Table 1.
Characteristics and findings of studies investigating neurophysiological changes related to ACL injury
| Study | Participants | Technique, Design | Time Course | Main Findings |
|---|---|---|---|---|
| Diekfuss et al (2018) 14 | ACL: n = 2, female, 16 ± 0 y Control: n = 8, female, 15.9 ± 0.8 y |
fMRI, case-control, prospective | Between testing and injury: 2 wk and 3.5 mo | Poorer connectivity between the left primary sensory cortex and right posterior lobe of cerebellum |
| Diekfuss et al (2019) 13 | ACL: n = 3, male, 16.33 ± 0.58 y Control: n = 12, male, 16.83 ± 0.39 y |
fMRI, case-control, prospective | Between testing and injury: 57, 67, and 243 d | Poorer connectivity between the left secondary somatosensory cortex and left supplementary motor area, left primary somatosensory cortex, and left primary motor cortex |
| Zarzycki et al (2018) 45 | ACL: n = 18, F:M = 10:8, 21.8 ± 3.3 y Control: n = 18, F:M = 10:8, 22.2 ± 2.5 y |
TMS, case-control | 2 weeks after ACLR | Corticospinal excitability is lower and intracortical facilitation is asymmetrical between 2 limbs in ACLR group |
| Zarzycki et al (2020) 46 | ACL: n = 18, F:M = 10:8, 21.6 ± 3.3 y Control: n = 18, F:M = 10:8, 22.3 ± 2.5 y |
TMS, case-control, longitudinal | 3 time points: (1) 2 wk after ACLR, (2) quiet knee, (iii) return to running | ICF is asymmetrical for the injured limb in ACL regardless of time point.

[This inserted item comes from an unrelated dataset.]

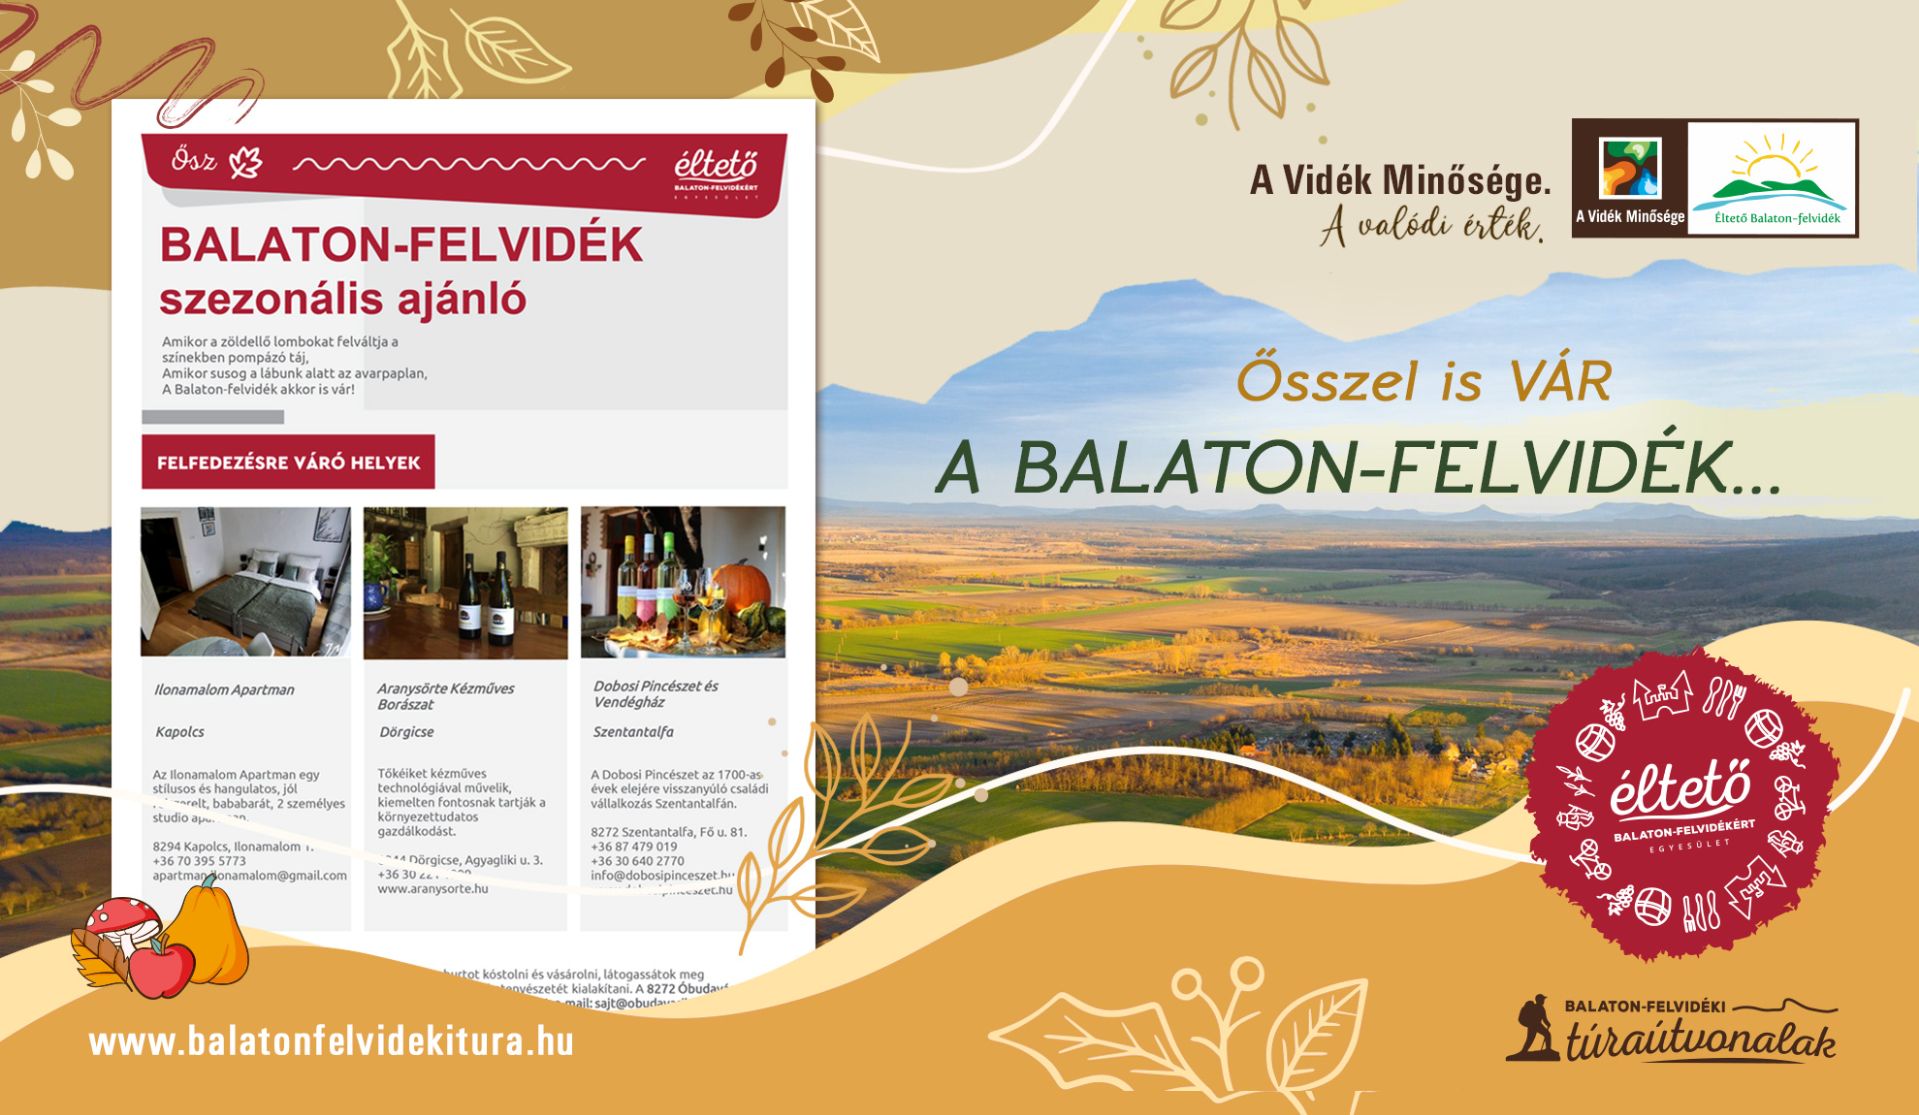 Őszi turisztikai ajánló az Éltető Balaton-felvidékért Egyesület területéről

Positive relationship between SICI and quadriceps strength at quite knee |
| Tang et al (2020) 39 | ACL: n = 20, F:M = 5:15, 24.1 ± 3.55 y Control: n = 20, F:M = 5:15, 22.3 ± 2.62 y |
TMS, case-control | Between testing and injury: 31 mo, between testing and ACLR: 27 mo | SICI was lower and ICF was higher in the injured limbs |
| Criss et al (2020) 9 | ACL: n = 15, F:M = 8:7, 20.9 ± 2.7 y Control: n = 15, F:M = 8:7, 22.5 ± 2.5 y |
fMRI, case-control | 43.3 ± 33.1 mo after surgery | Increased activity and connectivity in brain regions associated with visuospatial cognition and attention |
| Grooms et al (2015) 22 | ACL: n = 1, male, 25 y Control: n = 1, male, 26 y |
fMRI, case-control, prospective | 10 mo after initial, 26 d before secondary injury | Increased activity of motor planning, sensory, and visuomotor areas after the initial, before the second injury |
| Lepley et al (2020) 26 | ACL: n = 10, F:M = 6:4, 22.6 ± 1.9 y | MRI, TMS cross-sectional | 70.0 ± 23.6 mo after surgery | Reduced white matter volume and excitability in contralateral hemisphere |
| Lepley et al (2019) 25 | ACL: n = 11, F:M = 6:5, 22.6 ± 1.8 y Control: n = 11, F:M = 6:5, 23.2 ± 1.6 years |
fMRI, TMS, case-control | 69.4 ± 22.4 mo after surgery | Increased activation in frontal and cingulate cortex, increased active motor threshold and decreased motor-evoked potentials |
| Scheurer et al (2020) 33 | ACL: n = 16, F:M = 8:8, 20.4 ± 1.8 y Control: n = 16, F:M = 8:8, 21.0 ± 1.7 |
TMS, case-control | 33.9 ± 26.1 mo after surgery | Decreased corticospinal excitability and increased intracortical inhibition associate with reduced torque development |
ACL, anterior cruciate ligament; ACLR, anterior cruciate ligament reconstruction; F, female; fMRI, functional magnetic resonance imaging; ICF, intracortical facilitation; M, male; MRI, magnetic resonance imaging; SICI, short-interval intracortical inhibition; TMS, transcranial magnetic stimulation.